Jon Clay, VP of Threat Intelligence at Trend Micro, shared an important warning to CyberGuy:

“The recent spike in ‘Cloud Storage Full’ scams shows just how well cybercriminals are perfecting emotional manipulation. These scams prey on fear and urgency, warning users their photos will be deleted unless they pay a small upgrade fee. During a time of year when we may be capturing many precious moments on camera, scammers are targeting older adults who may think this type of scam message is legitimate and who may be worried and anxious about losing something that cannot easily replace. Consumers should always stay cautious of unsolicited messages and always verify alerts directly through official apps or websites.”

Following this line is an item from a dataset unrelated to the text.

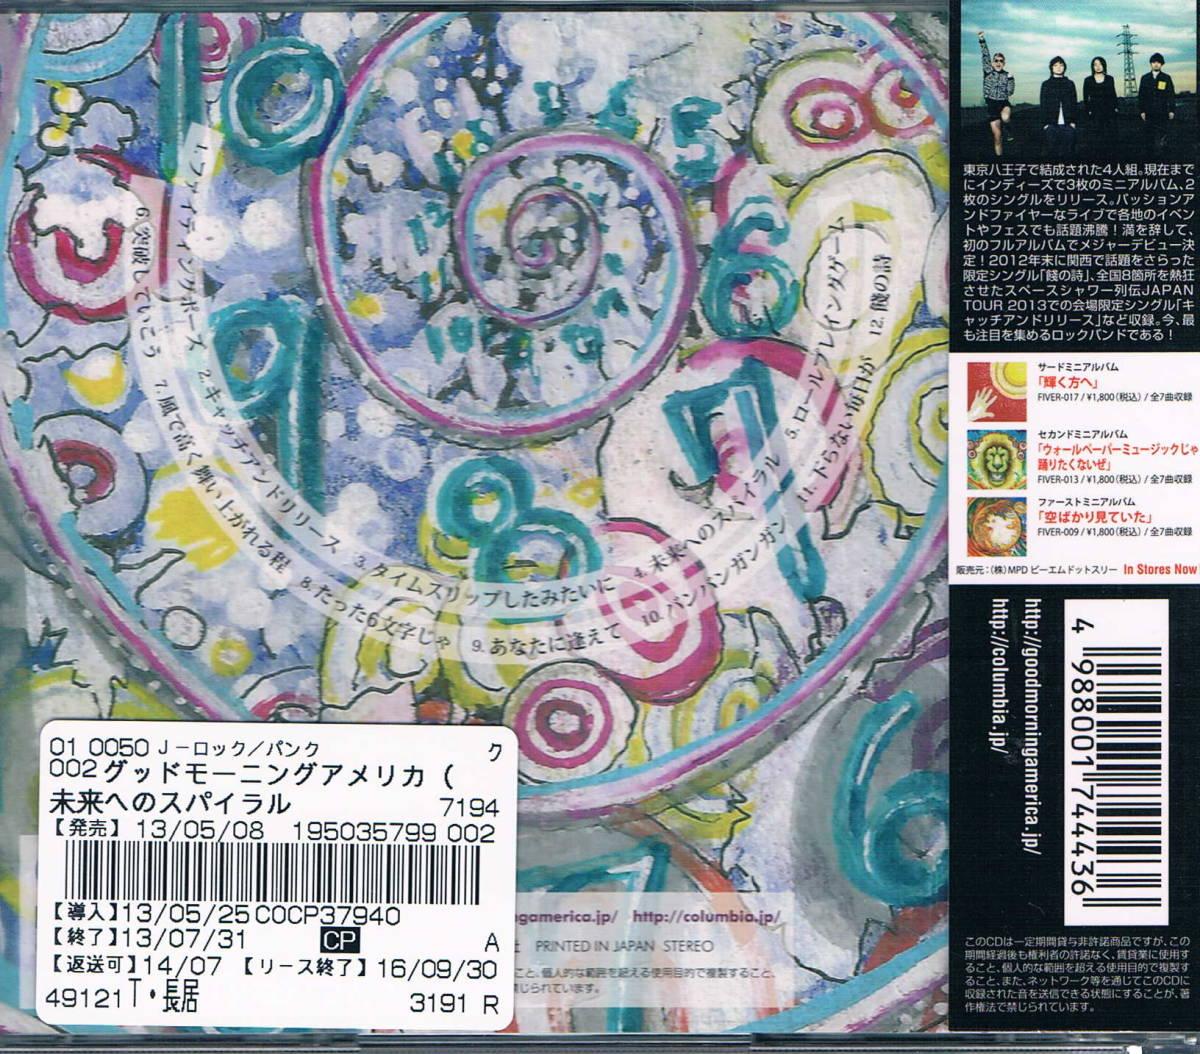 中古 グッドモーニングアメリカ 【未来へのスパイラル】 レンタル CD_画像2

Trend Micro’s analysis outlines exactly how the scam works, from the initial message to the final theft. Their screenshots show fake dashboards, false warnings and pages asking for credit card or PayPal details. Some versions even redirect to legitimate sites later to cover their tracks.

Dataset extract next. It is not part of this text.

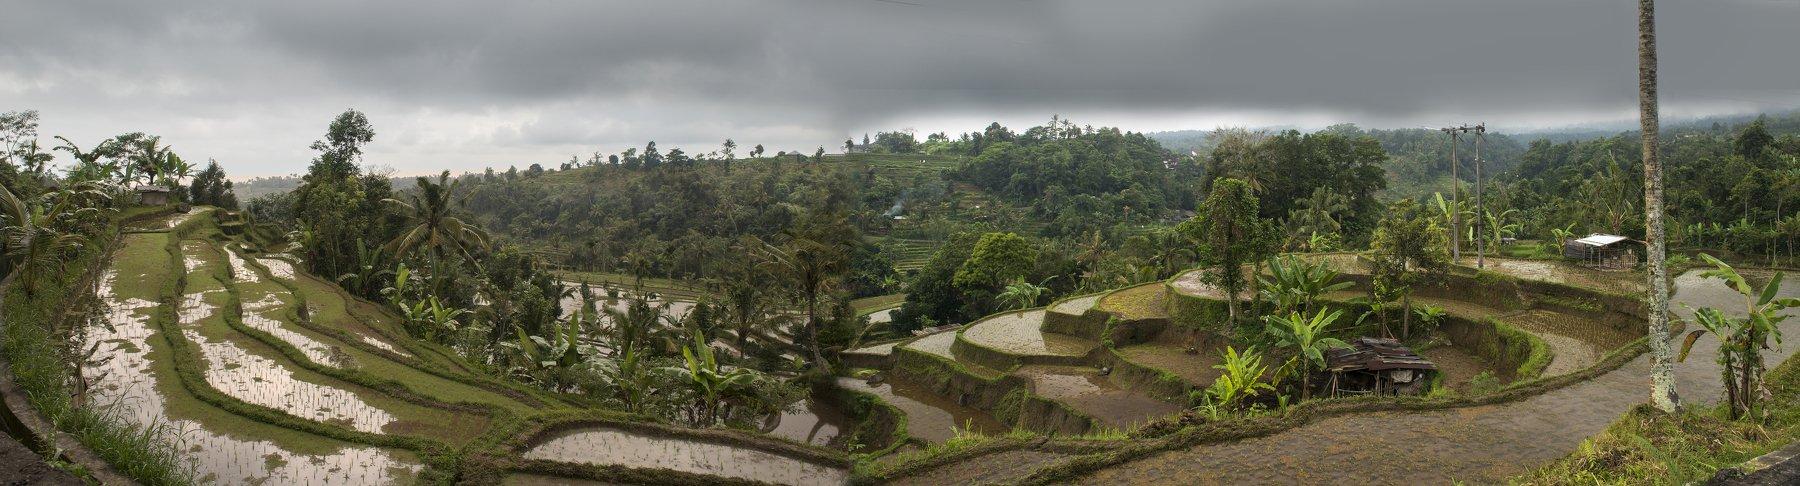 бали, остров, сказка, тропики, экзотика, индонезия, Марина Мудрова

How the Cloud Storage Full scam works

Scammers follow a predictable pattern with this scheme, and each stage reveals a clear red flag that can help you spot the danger early.

1) Initial contact

Victims receive an unsolicited SMS or iMessage that claims their photos or videos will be deleted soon. Messages include the person’s first name and fake counts like “1,675 images” or “2,010 snaps” to boost credibility. Scammers add statements like “Act now” or “Final warning” to trigger panic. Each message ends with a short link that leads to a malicious .info domain.

FAKE CHATGPT APPS ARE HIJACKING YOUR PHONE WITHOUT YOU KNOWING

2) Trust building

After tapping the link, the user arrives at a fake “Cloud Storage Full” website. It mirrors the fonts, icons and button styles of real cloud services. Users see alerts such as “Your photos, contacts and private data will be lost.” Everything looks polished to reduce suspicion.

3) The hook

The site claims your storage is completely full and urges a one-time upgrade for $1.99. A progress bar sits at 100 percent full and a countdown timer warns that data will vanish in minutes. The “Continue” button goes to a fake payment page.

4) The exit

Once victims enter credit card or PayPal details, scammers harvest the data instantly. Attackers may use stolen credentials for unauthorized purchases, credential stuffing or resale on dark web markets. Some victims receive fake receipt emails to make the charge look legitimate.

Trend Micro reports that certain scam sites later redirect to real pages like iolo.com to hide their tracks.

Red flags to watch for

• Urgent warnings that your photos will be deleted
• Unfamiliar links ending in .info
• Messages that include your name to appear credible
• Payment requests for tiny fees like $1.99
• Countdown timers meant to force quick decisions
• Sites that look familiar but have unusual URLs

Tips to stay safe from Cloud Storage Full scams

Scammers rely on fear and urgency to push quick decisions, but a few smart habits can shut down their tricks before they start.

1) Verify alerts inside the official app or website

Open your cloud storage app or go to the official website directly. If you see a real problem, it will appear there. This simple step prevents you from reacting to fake warnings.

GHOST-TAPPING SCAM TARGETS TAP-TO-PAY USERS

2) Never tap storage alerts sent through SMS or iMessage, and use strong antivirus software

Break the habit of tapping links in messages. Real cloud services rarely text users about photo deletion. A strong antivirus tool will flag dangerous links before they open.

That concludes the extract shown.